Mikko Sumusalo (born 12 March 1990), is a Finnish professional football defender who plays for IFK Mariehamn and the Finnish national team. Sumusalo was born in Porvoo, Finland. Sumusalo began his senior club career playing for Klubi-04, before making his league debut for HJK at age 19 in 2009. He can play either leftback or wingback.

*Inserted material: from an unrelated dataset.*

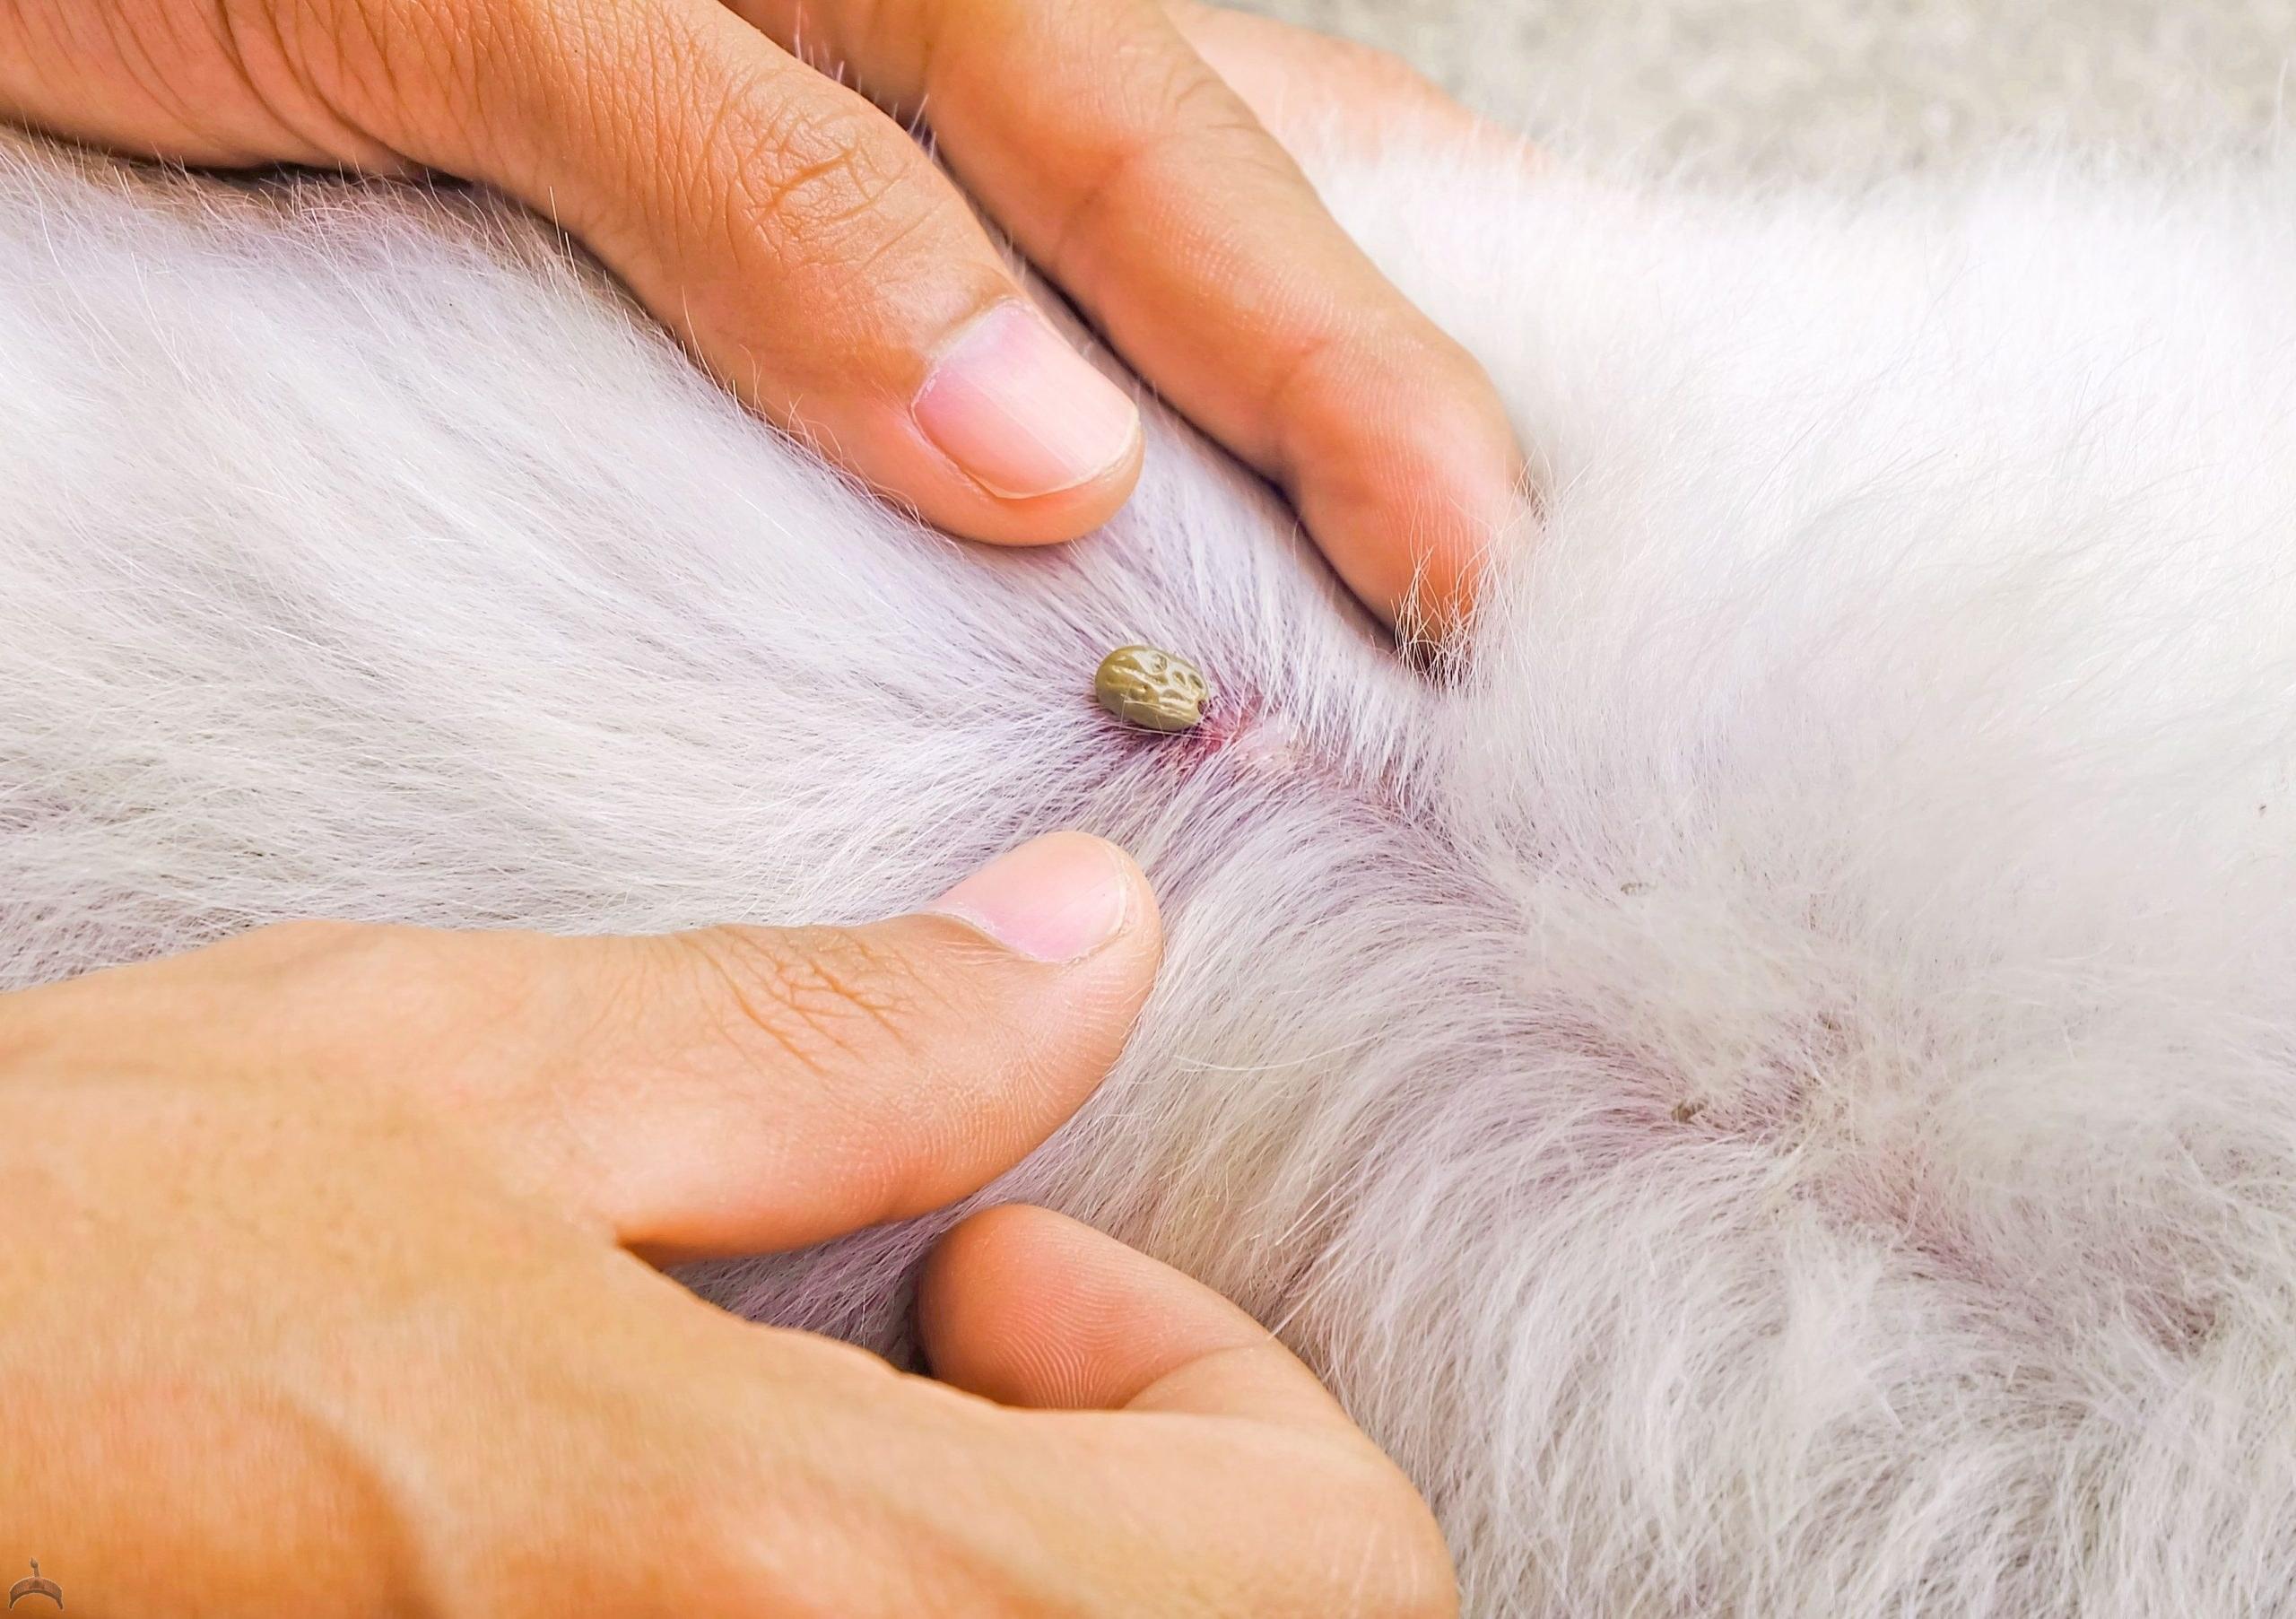 tick suck blood on dog back royalty free image

Sumusalo made his international debut for Finland in January 2012, at the age of 21.

Club career

HJK Helsinki
After starting his footballing career at his local FC Futura, the nine-year-old defender moved to HJK in 1999. After coming through the junior levels and the reserves, Sumusalo made his first division debut on 25 May 2009 against FC Lahti. Since then he made a total of 25 league appearances and some appearances in both Champions League qualifiers and Europa League qualifiers for HJK.

RB Leipzig
In January 2014, after the expiration of his contract with HJK, Sumusalo moved to Germany and joined 3. Liga side RB Leipzig signing until 2016. However, also due injuries, Sumusalo wasn't able to establish himself, earning only two caps until the end of the 2013−14 season. This situation lasted also for the first leg of the following campaign, especially since Leipzig had been promoted to the 2. Bundesliga and signed several high acclaimed players. To gain match practice, he was therefore loaned to 3. Liga club Hansa Rostock until the end of the 2014−15 season.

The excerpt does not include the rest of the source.